Matthew Mish and Stephen Caprio, strategists at UBS, put out a bearish note on Thursday, looking at whether lower-quality, high yield and leveraged loan borrowers will be able to refinance their debt.
Companies have binged on debt following the financial crisis, taking advantage of an extended period of low-interest rates.
Higher-risk companies have been big beneficiaries. Yield-thirsty investors have paid up for riskier bonds, allowing these companies to raise capital at historically low costs.
The problem will arise the companies look to refinance that debt after interest rates have begun to rise.
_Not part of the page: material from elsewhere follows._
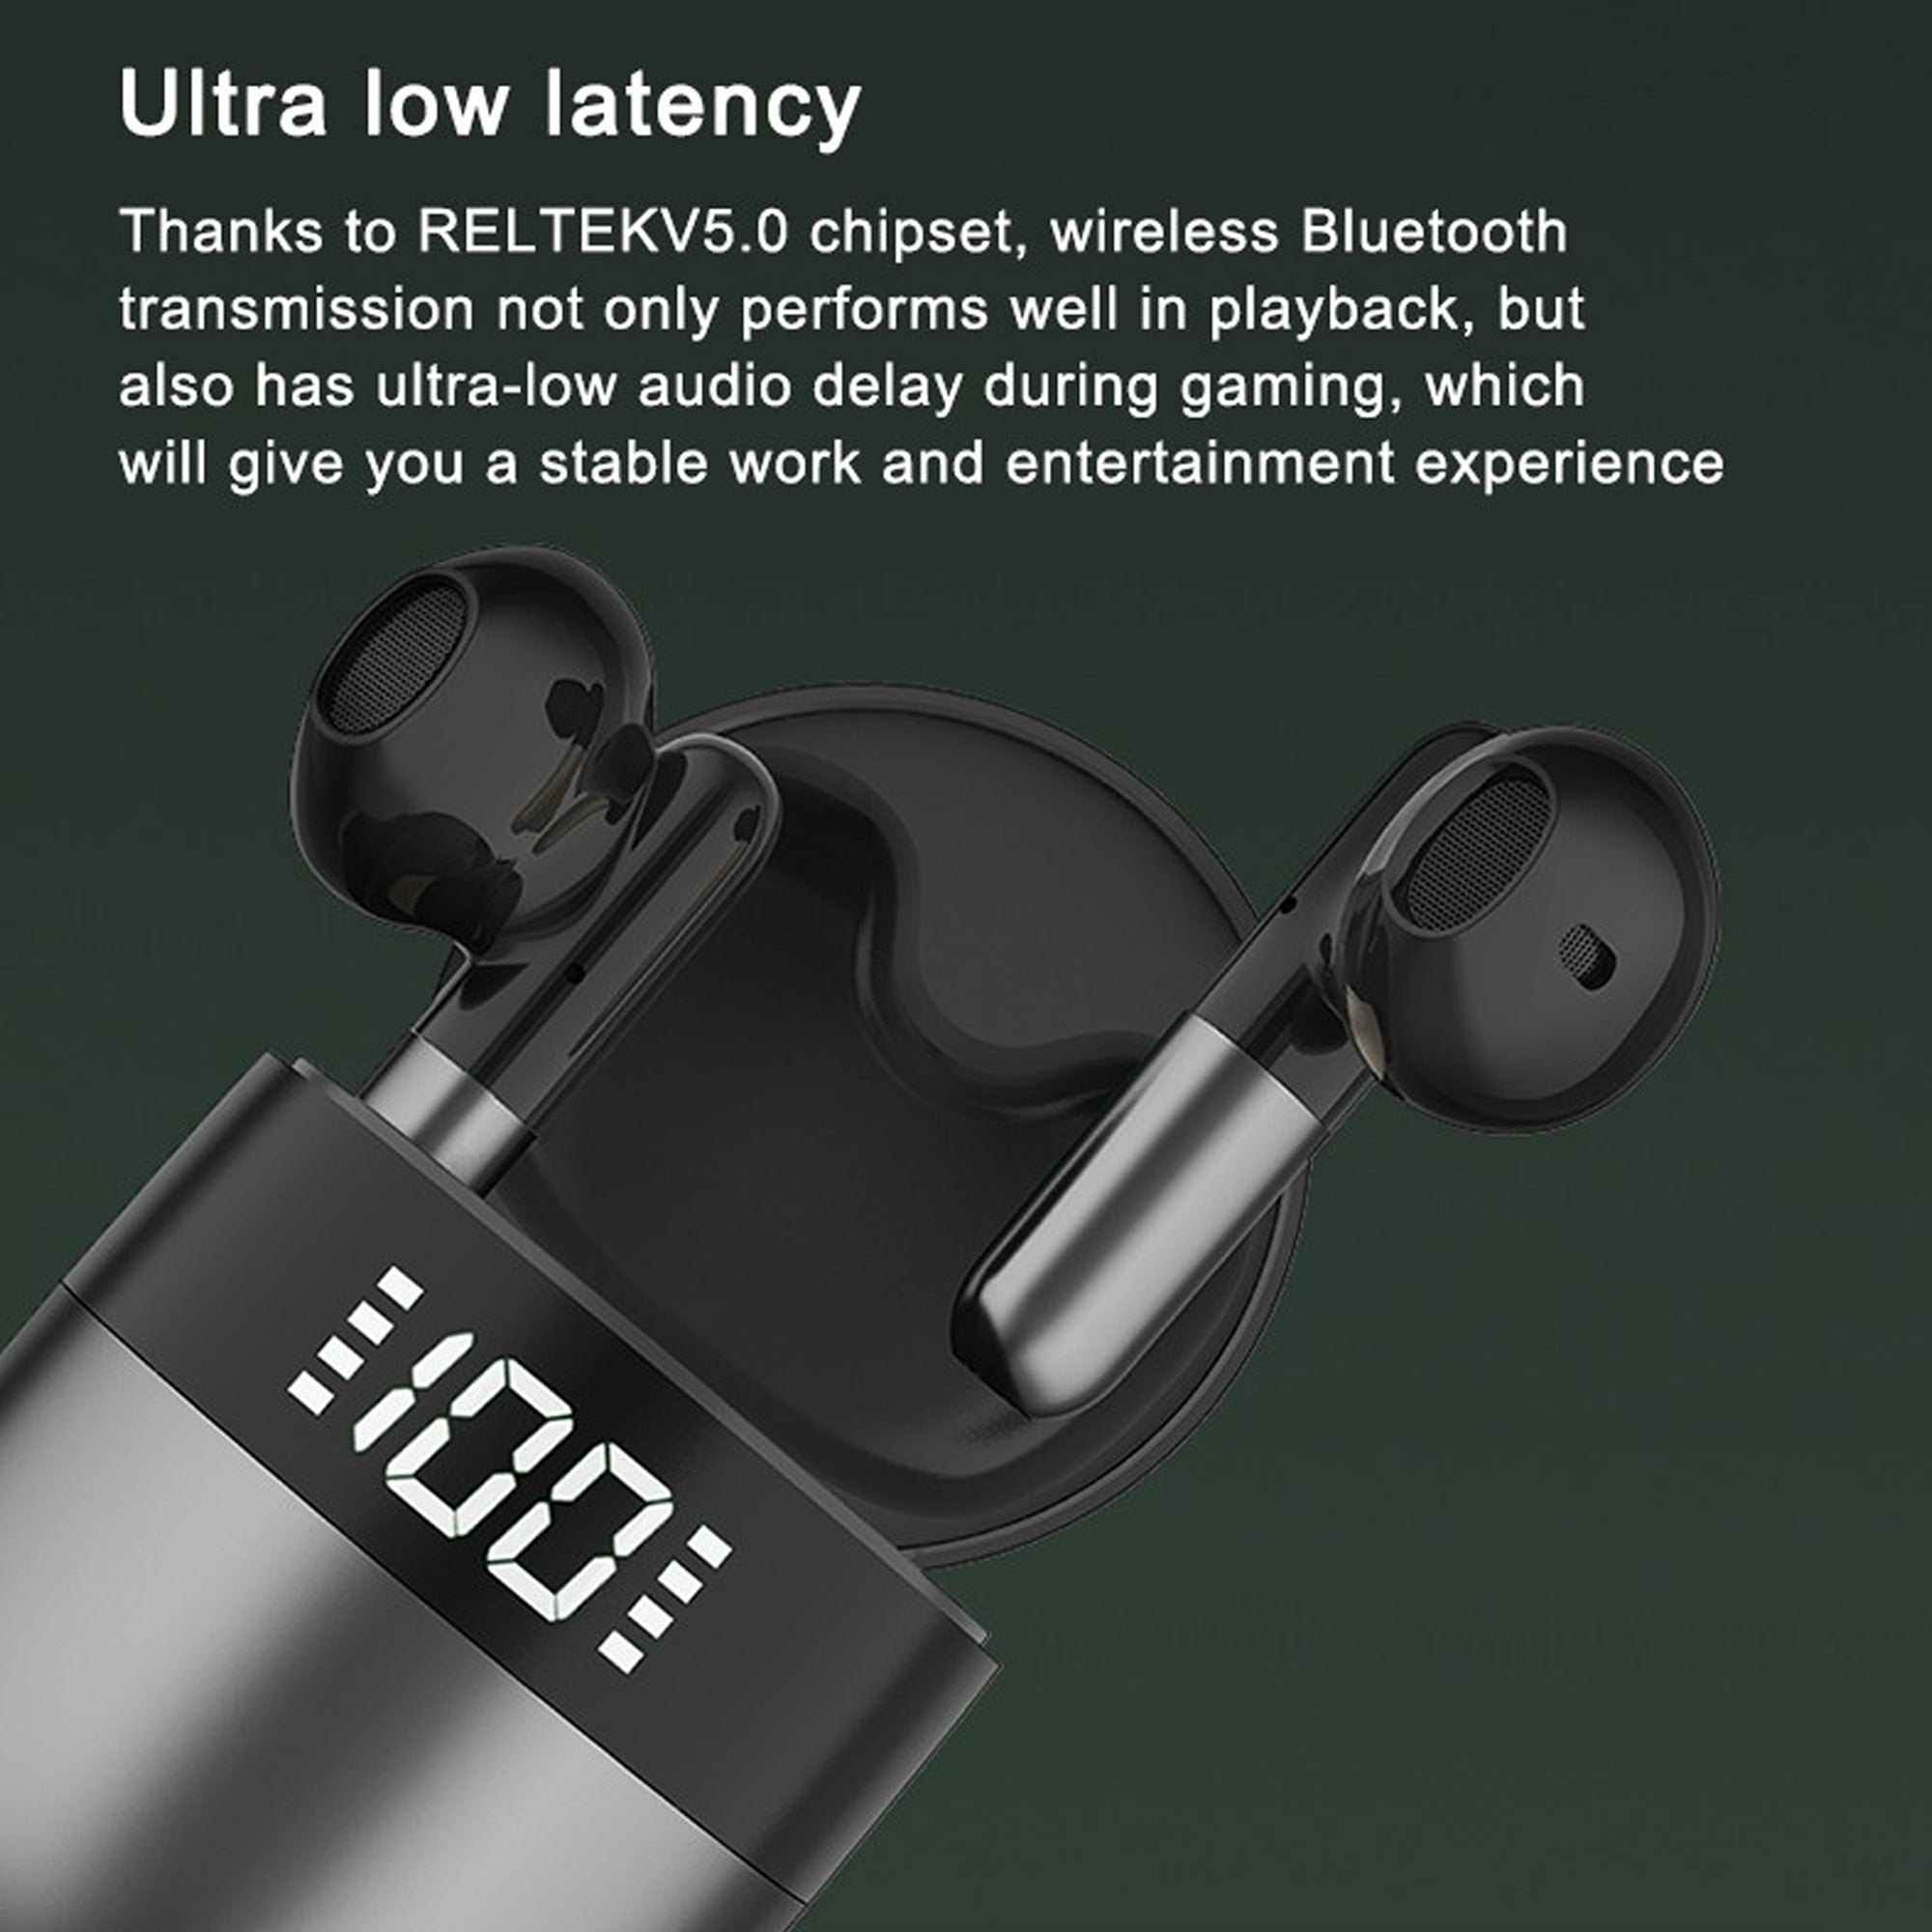 LED Display on an earbuds case

“The key question is: will credit markets be able to absorb the refinancing needs of lower quality high yield and leveraged loan borrowers?” the UBS note said.
The short answer is no. According to their calculations, roughly 35% to 40% of the outstanding US high yield and leveraged loan universe “is at risk.”
That works out at roughly $1.05 trillion to $1.2 trillion “in low quality speculative grade debt outstanding.”
That is a lot of debt to refinance, especially when, according to UBS, the Federal Reserve is no longer supporting credit markets.
Mish and Caprio argue that the Fed isn’t likely to embark on a fourth round of quantitative easing to encourage investors to buy corporate bonds. Plus, the market is already pricing in three interest rate hikes in 2016, and two in 2017. The Fed is also aggressively regulating leveraged loan issuance.
Taking some of the heat out of the leveraged finance market might be the right thing to do, but “the lesser evil is still evil,” the analysts write.
Meanwhile, the risky borrowers can’t pay off the debt and the Federal Reserve, meanwhile, is underestimating the potential repercussions. Here is UBS (emphasis ours):
They cannot pay down debt because cash flow generation is weak, and now interest costs are rising. So the Fed is explicitly condoning rising default rates. Finally, it is our humble belief that the consensus at the Fed does not fully understand the magnitude of the problems in corporate credit markets and the unintended consequences of their policy actions. The implication is that their actions will be reactive, not proactive — but only time will tell.
They argue that “much of the lower quality speculative grade universe will face severe refinancing challenges by 2018”, and that these pressures could come even sooner. That is because so many bonds come due through 2020.
Selling pressure could intensify through 2016, particularly in the lower quality segments of the market.
Energy companies in particular face a tough time of it, with oil recently dropping through $40 a barrel.